(About this exercise):
Your answer must be the lines of the material below, exactly as written, from its first line through the line with "How Patients Find", and no pictures.

(Data):

.....

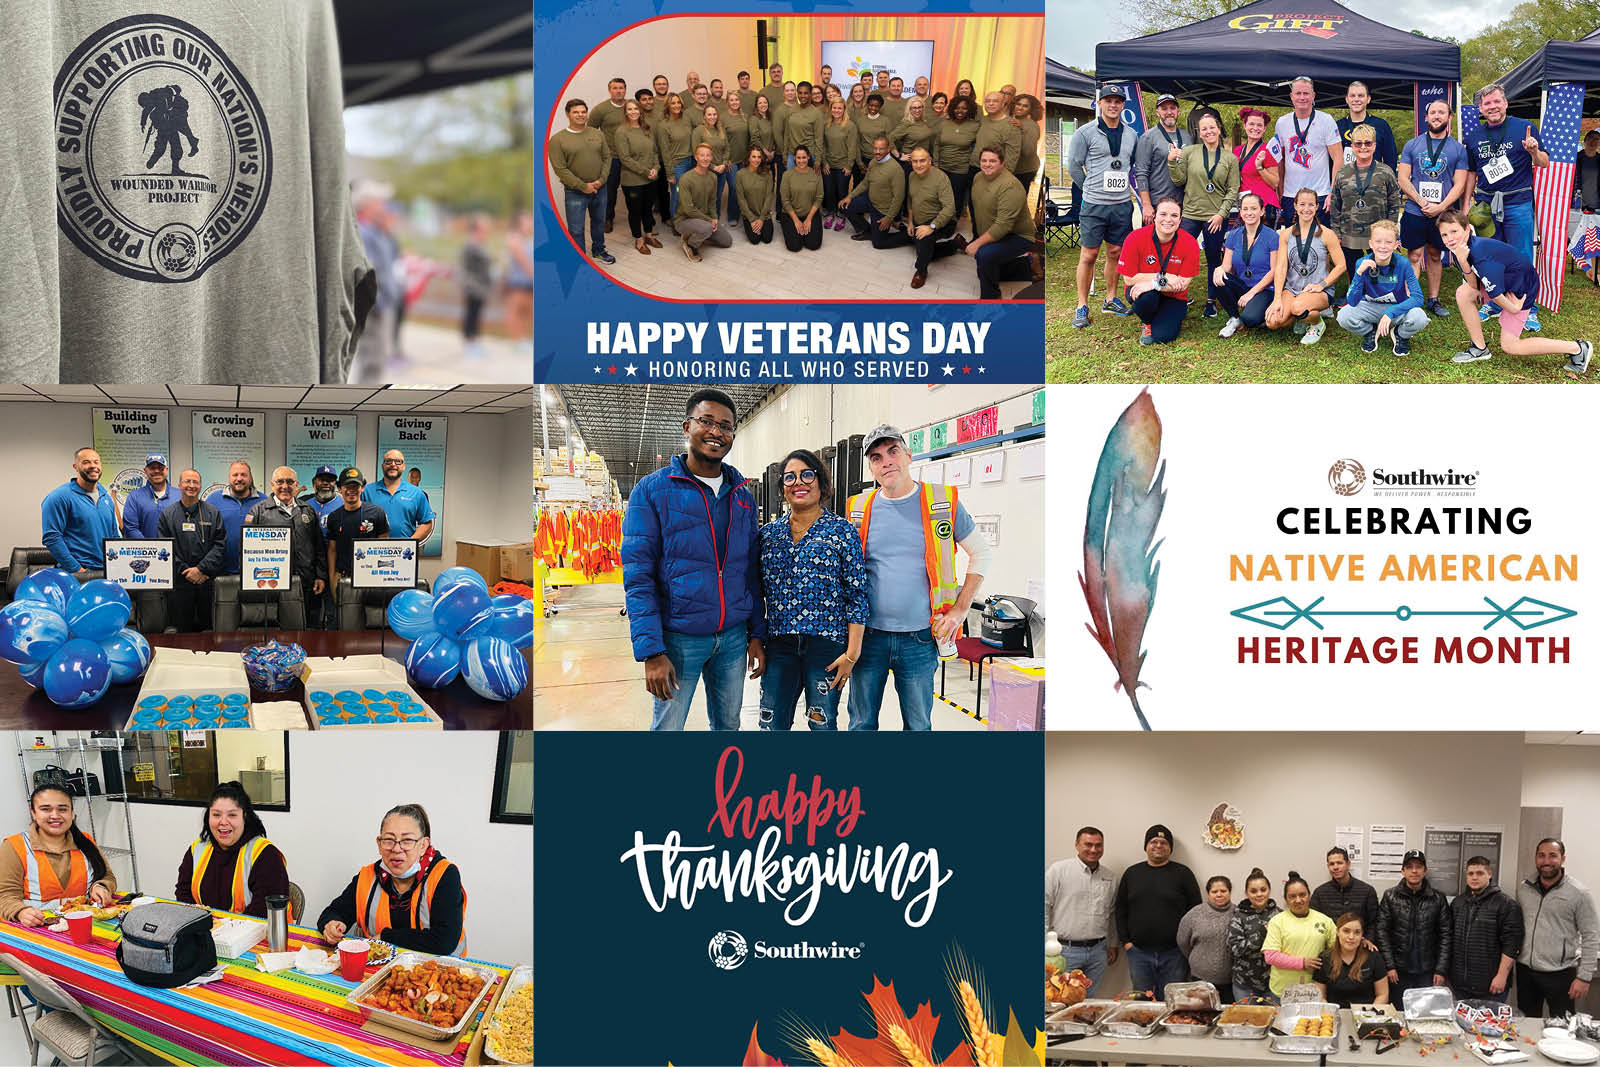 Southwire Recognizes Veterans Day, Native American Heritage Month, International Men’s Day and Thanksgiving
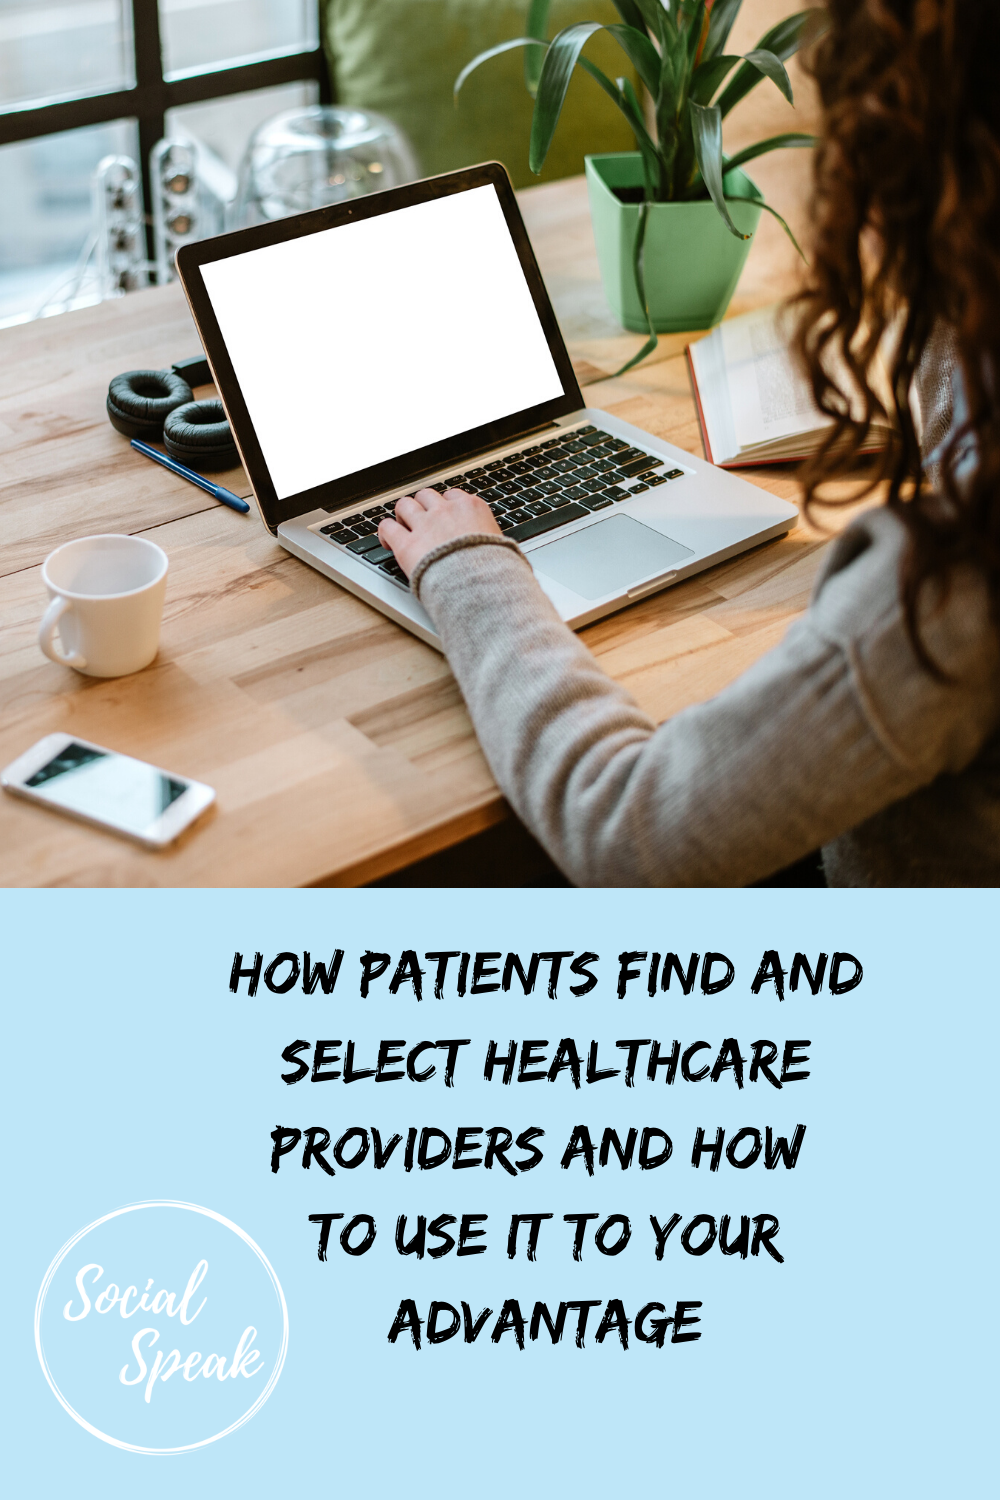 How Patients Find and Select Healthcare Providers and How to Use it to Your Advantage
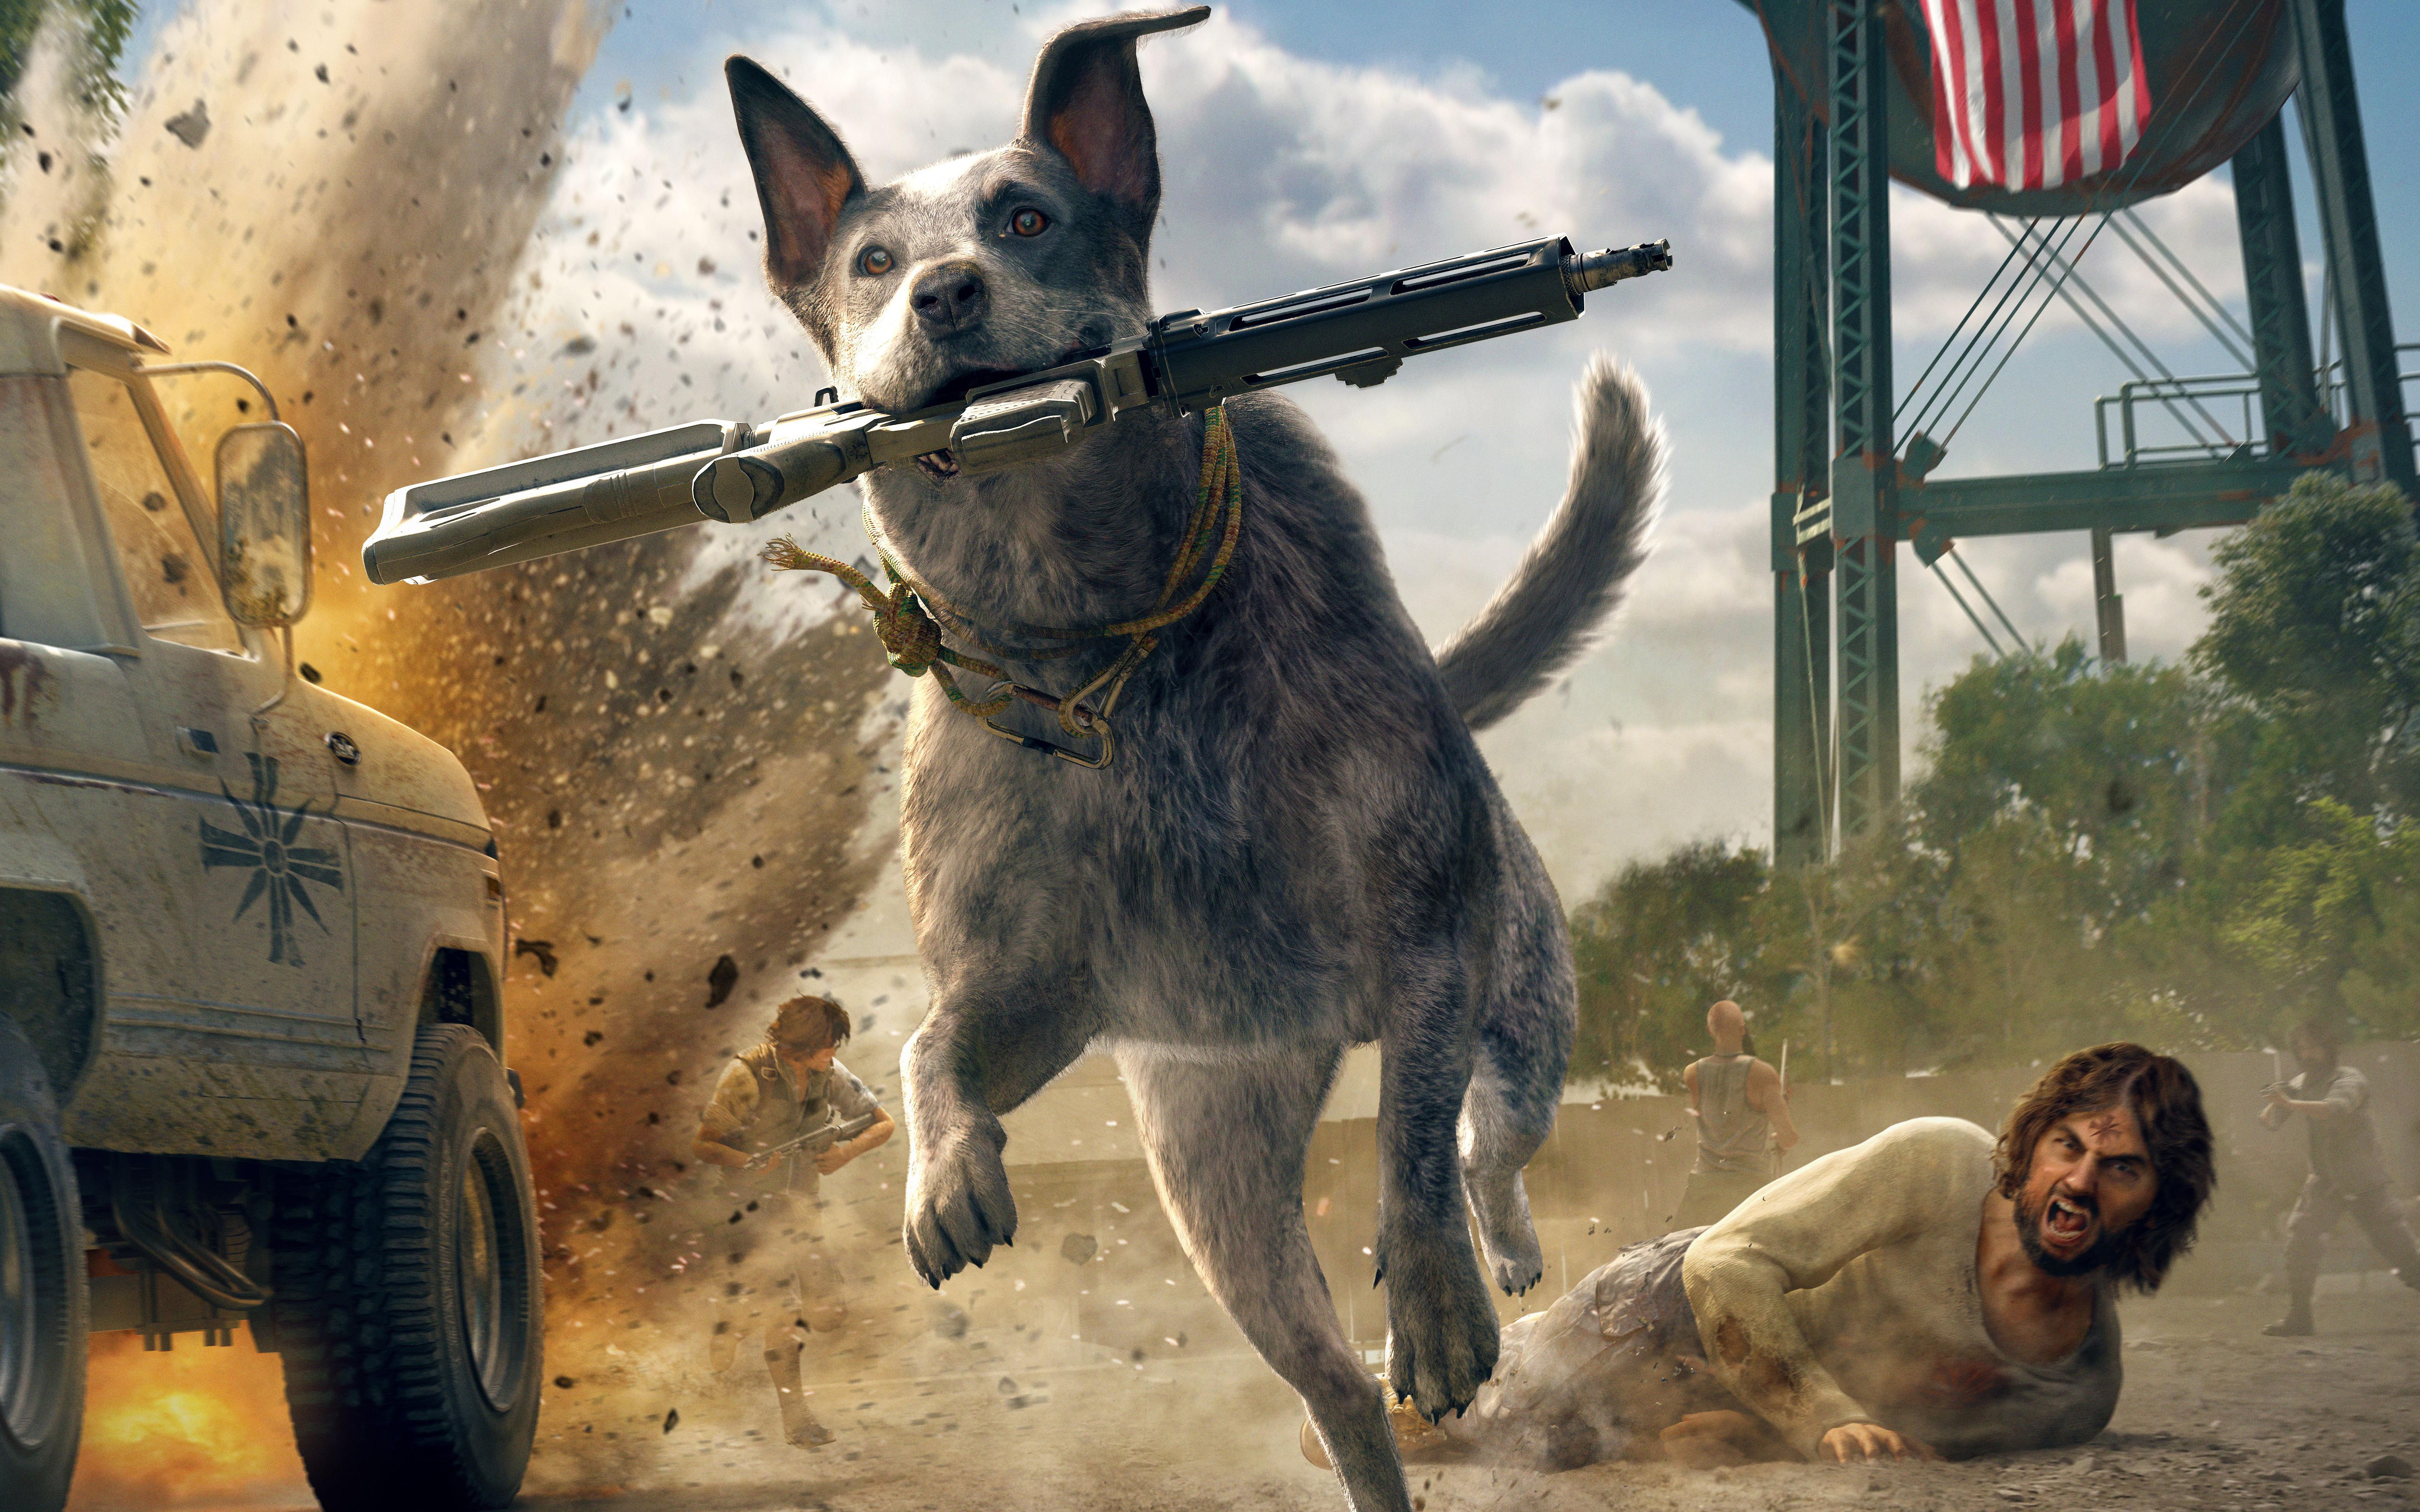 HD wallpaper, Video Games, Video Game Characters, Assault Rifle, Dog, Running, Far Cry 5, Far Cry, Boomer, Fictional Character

.....

(Result):
 Southwire Recognizes Veterans Day, Native American Heritage Month, International Men’s Day and Thanksgiving
 How Patients Find and Select Healthcare Providers and How to Use it to Your Advantage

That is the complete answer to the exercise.